Overview

A Phase I Study Of Pazopanib With Either Erlotinib Or Pemetrexed In Patients With Advanced Solid Tumors

Status:
Completed
Trial end date:
2009-09-04
Target enrollment:
0
Participant gender:
All
Summary
This is an open-label, two-arm, Phase I, dose escalation study to evaluate the safety and tolerability and to determine the maximum tolerated dose (MTD) of pazopanib in combination with erlotinib (Arm A) or pazopanib in combination with pemetrexed (Arm B) in patients with advanced solid tumors. Patients will be enrolled in cohorts of 3 (in each arm) to receive escalating doses of pazopanib and erlotinib or pazopanib and pemetrexed. Dose escalation schemas for each study arm are described in the protocol. For each arm, the MTD regimen will be defined as the highest dose combination of the agents where no more than one out of six patients experiences a dose-limiting toxicity. Six to twelve additional patients in each arm will be studied with the MTD regimen to evaluate toxicity and pharmacokinetics. In arm A (erlotinib), a run-in phase with each drug separately will allow an evaluation of pharmacokinetics with each drug separately and also for the two drugs in combination. This will allow an assessment of potential drug-drug interactions.
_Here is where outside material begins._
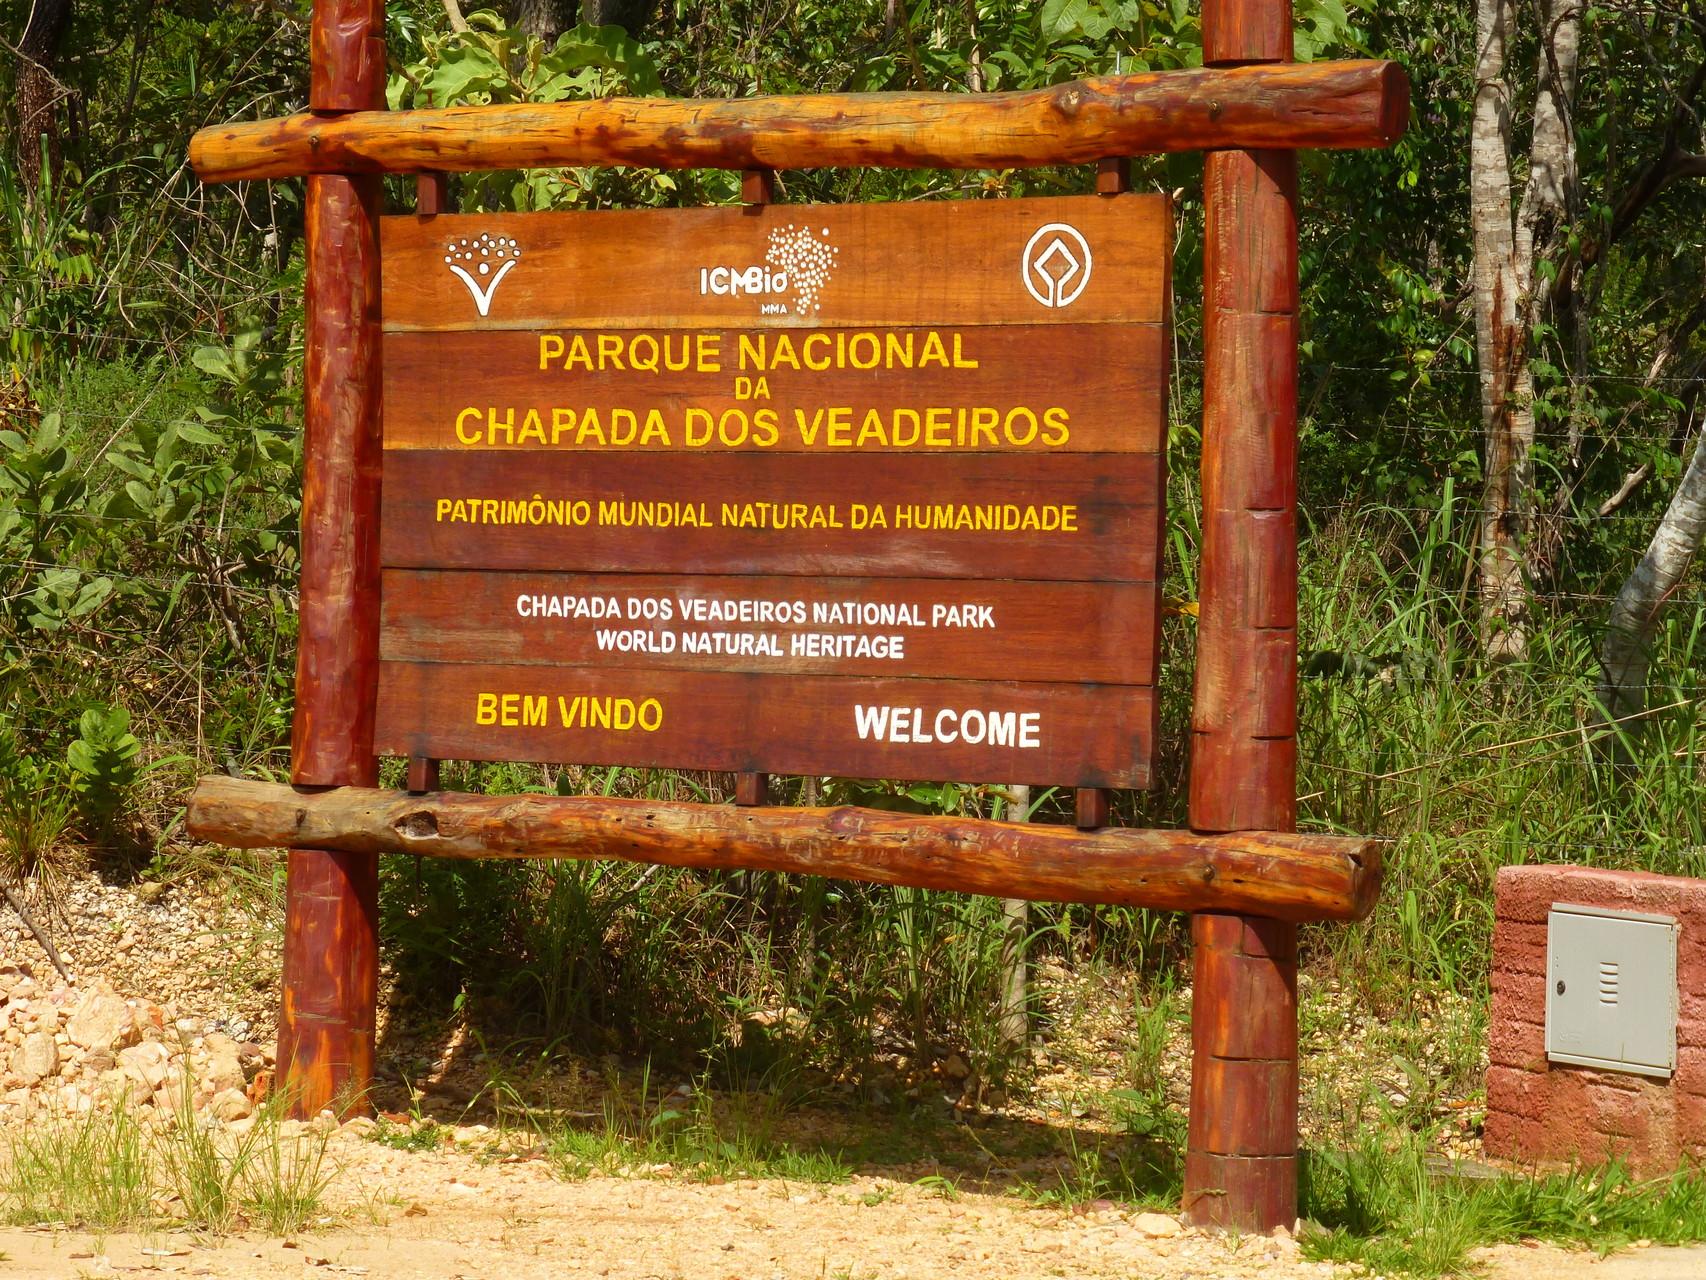 Naturschutzpark - Chapada dos Veadeiros
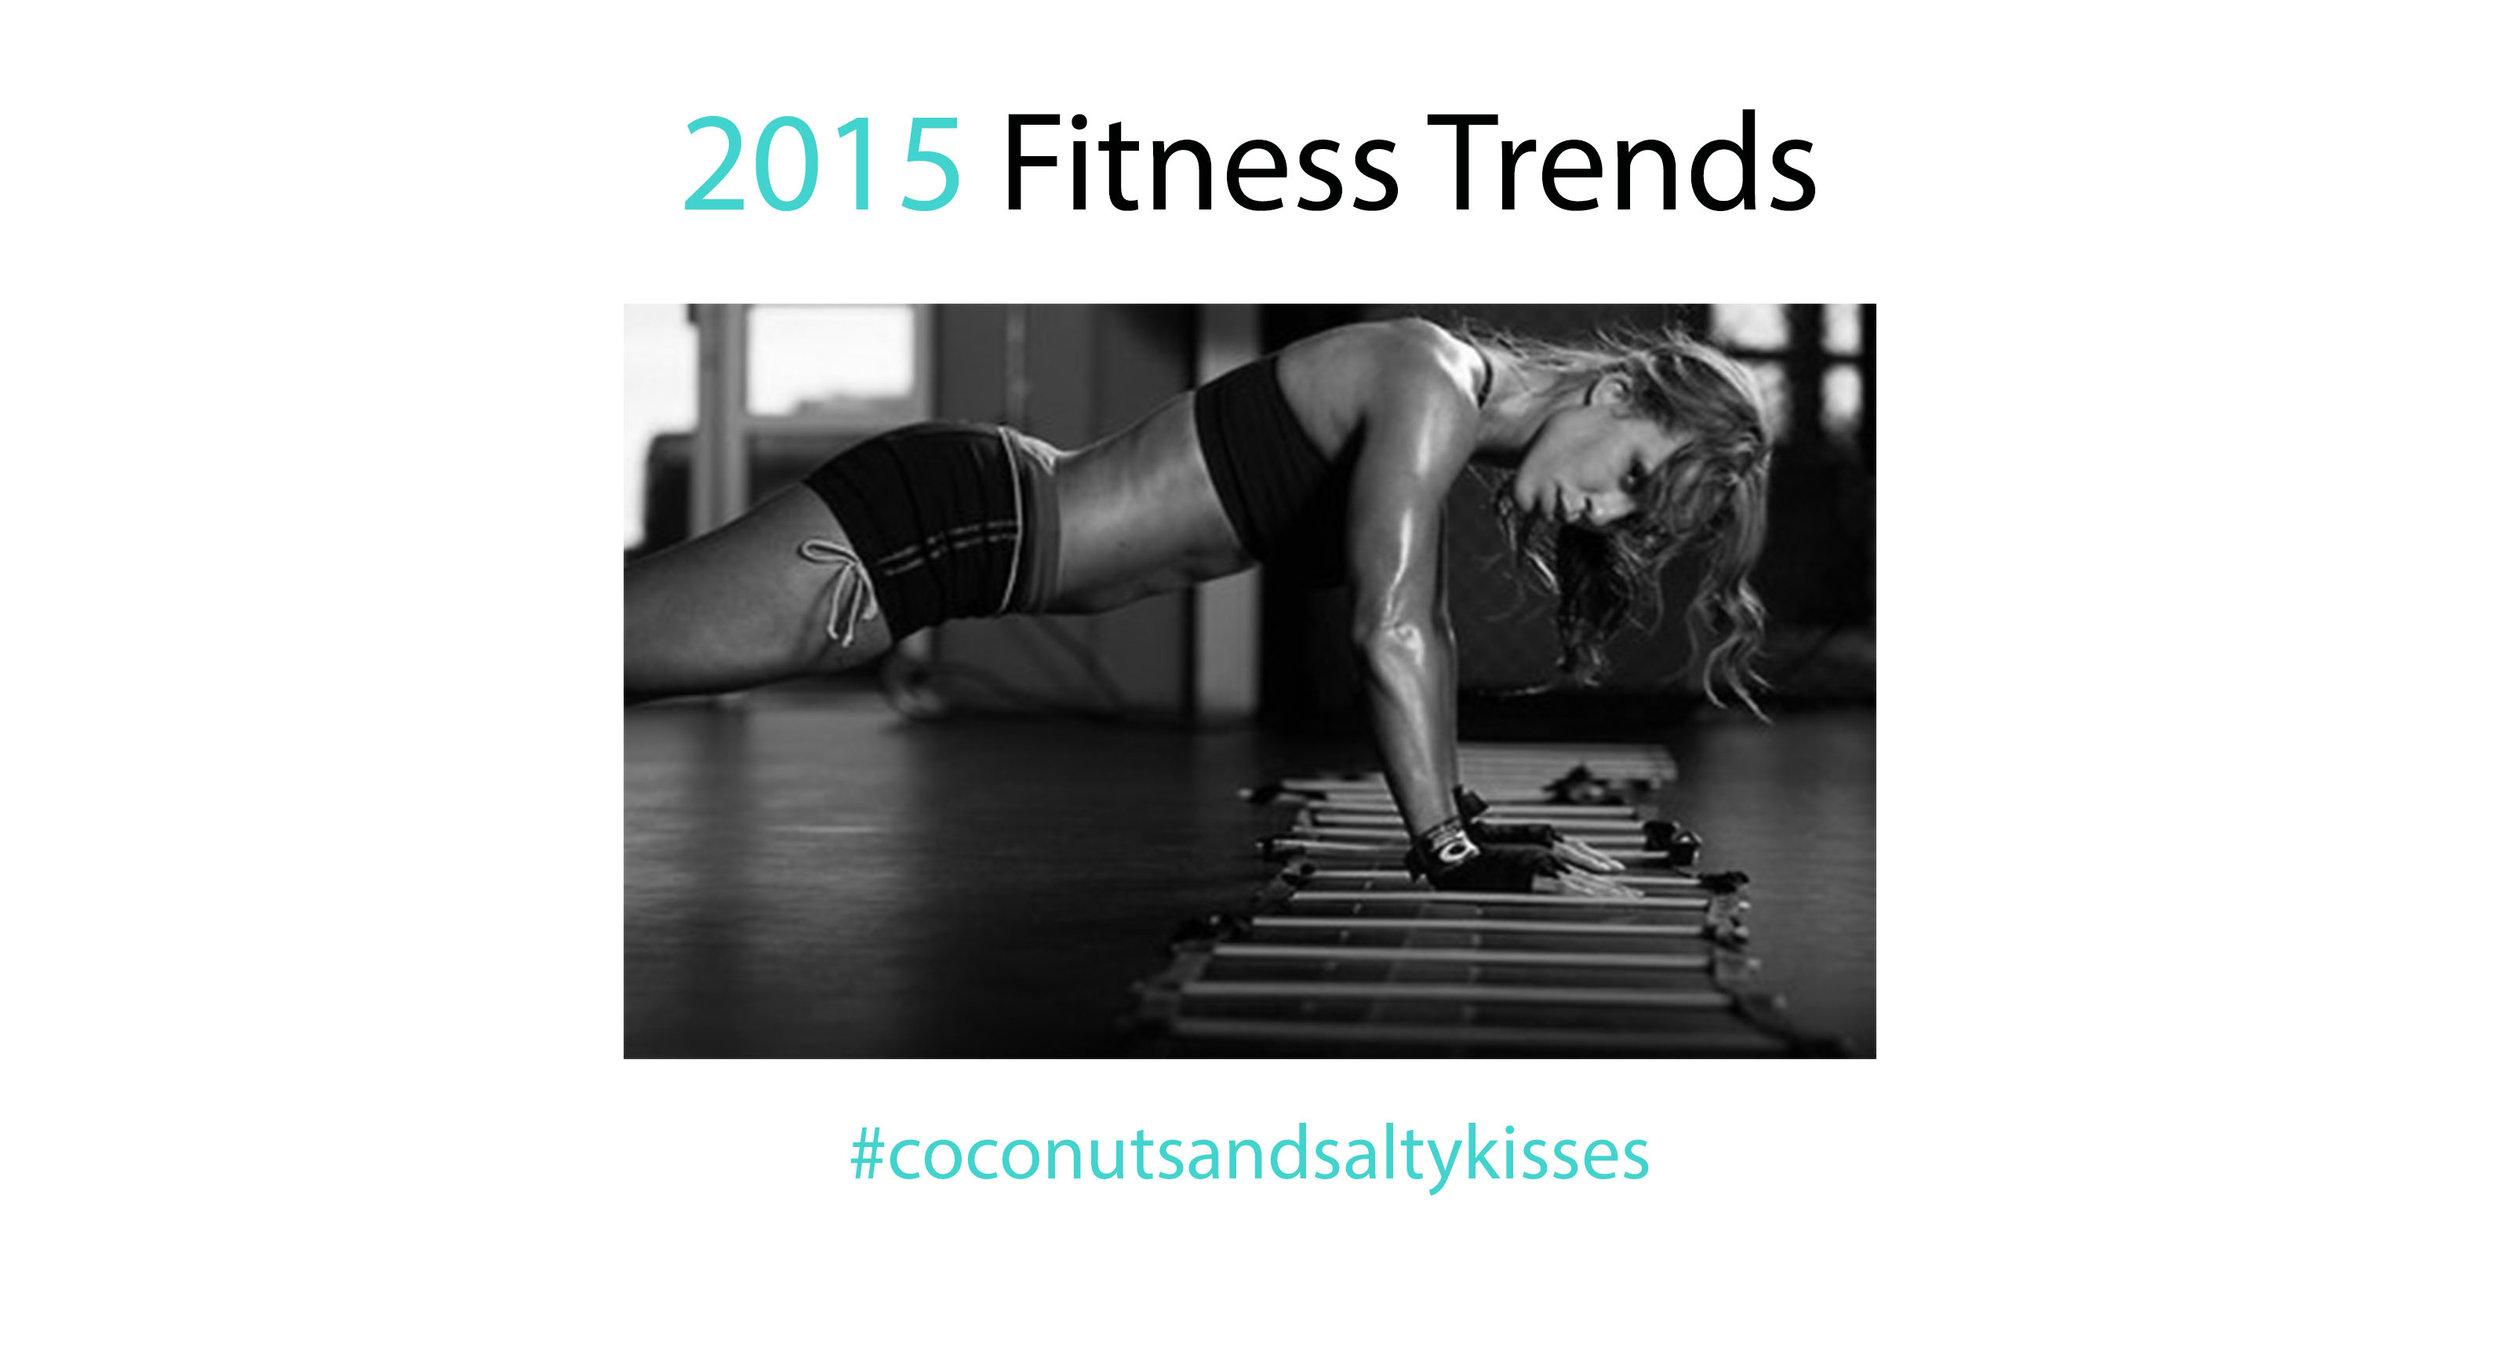 2015-fitness-trends-wp.jpg

Pharmacokinetic endpoints will be AUC, Cmax, tmax and t1/2 of pazopanib, erlotinib, and pemetrexed, as well as pemetrexed clearance before and after administration of pazopanib in the extension cohort of Arm B. Antitumor activity will be assessed using RECIST criteria.
Phase:
Phase 1
Accepts Healthy Volunteers?
No
Details
Lead Sponsor:
GlaxoSmithKline
Treatments:
Antineoplastic Agents
Erlotinib Hydrochloride
Pemetrexed
Criteria
Inclusion Criteria:

A subject will be considered eligible for inclusion in this study only if all of the
following criteria are met:

- Subjects must provide written informed consent prior to performance of study specific
procedures or assessments, and must be willing to comply with treatment and follow up.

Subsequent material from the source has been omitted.